Texte intégral
M.-O. Fogiel - Vous êtes le président de la Fédération nationale des syndicats d'exploitants agricoles, la FNSEA. Vous êtes également producteur de lait en Ille-et-Vilaine. Hier, en déplacement dans le Maine-et-Loire, N. Sarkozy a tenté de rassurer le monde agricole en lui promettant une modernisation offensive. Il anticipe donc la réforme de la Politique agricole commune, qui est prévue en 2013 et qui inquiète les agriculteurs. On va y venir, très concrètement, mais est-ce qu'il a réussi à vous rassurer, N. Sarkozy ?
Le Président a tenu un discours volontaire, mais les mots ne suffisent pas, parce qu'il faut aussi des actes. Je ne vais prendre qu'un exemple. Sur les marchés, il dit "la toute puissance du marché est une idée folle", et en même temps, même sous la présidence française, on n'a pas pu faire avancer nos partenaires sur le fait que, effectivement, les marchés tels que nous les vivons, avec des prix qui peuvent augmenter de plus de 50 % et qui baissent trois mois plus tard des mêmes pourcentages, c'est une situation intenable. Donc...
Donc, vous voulez des actes, et pas des mots ?
Il y a un aspect volontaire, c'est un discours que le Président tient et qui n'est pas totalement nouveau, mais il va falloir convaincre sur le plan européen si on veut nous rassurer.
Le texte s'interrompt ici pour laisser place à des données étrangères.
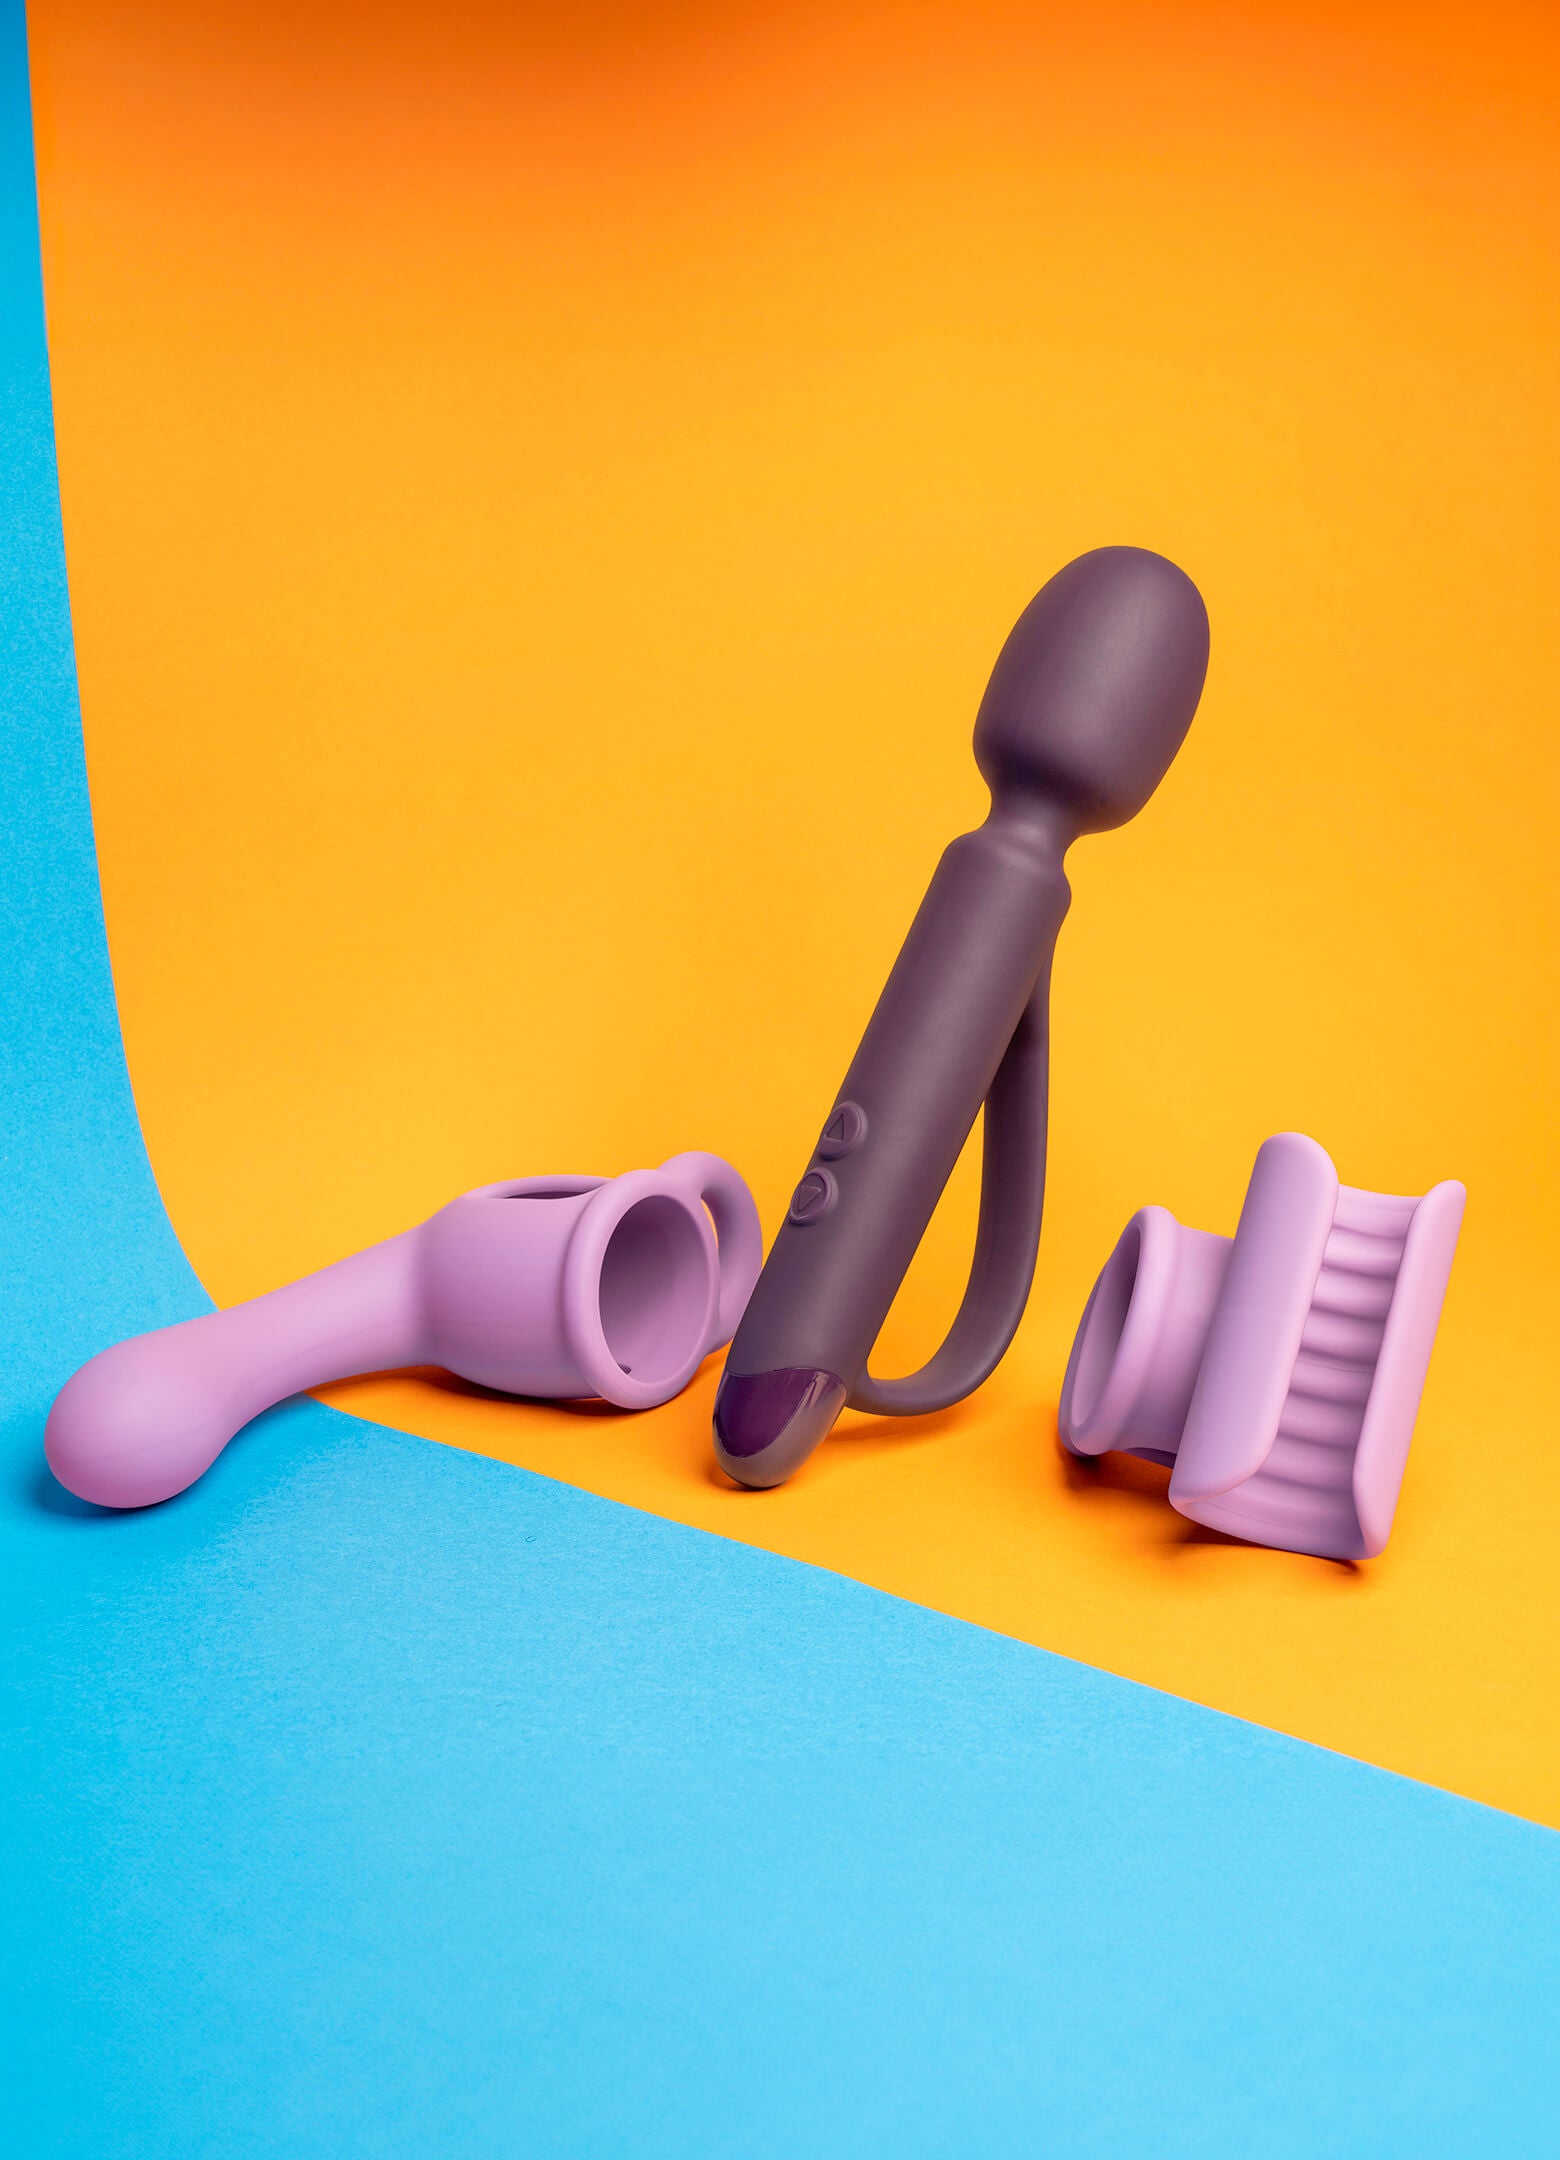 Plum purple wand vibrator with an accessible handle with separate lilac masturbator and G-spot/prostate attachments.

On va être très concret pour les auditeurs qui nous écoutent, et qui ne connaissent pas votre problématique. Les 27 pays membres de l'Union européenne, ont adopté dans la douleur, le réaménagement de la PAC, en novembre, à Bruxelles, réaménagement qui prendra effet en 2013. C'est donc une redistribution des aides européennes. La France est le pays qui profite le plus des subventions. Aujourd'hui, vous avez beaucoup à perdre ?
Disons que, ce qu'il faut pour ne pas craindre, c'est que les chefs d'Etat et de gouvernements s'engagent sur une ambition européenne sur le plan agricole. Qu'est-ce que ça veut dire ? Ça veut dire que, ou on choisit l'indépendance alimentaire de l'Europe, la sécurité alimentaire, ce que nous souhaitons, et auquel cas, il y aura évidemment une politique agricole qui nous permettra de remplir cette mission de nourrir la population européenne. Ou alors on dit : il y a des produits que l'on peut trouver moins chers ailleurs, en Amérique latine, en Océanie et ailleurs, et auquel cas, on va totalement ébranler le modèle agricole européen, qui est fait d'exploitations familiales, de dimension modeste, contrairement...
Mais vous avez peur, ce matin ? Vous craignez, vous avez peur ? Est-ce que le monde agricole a peur ce matin ?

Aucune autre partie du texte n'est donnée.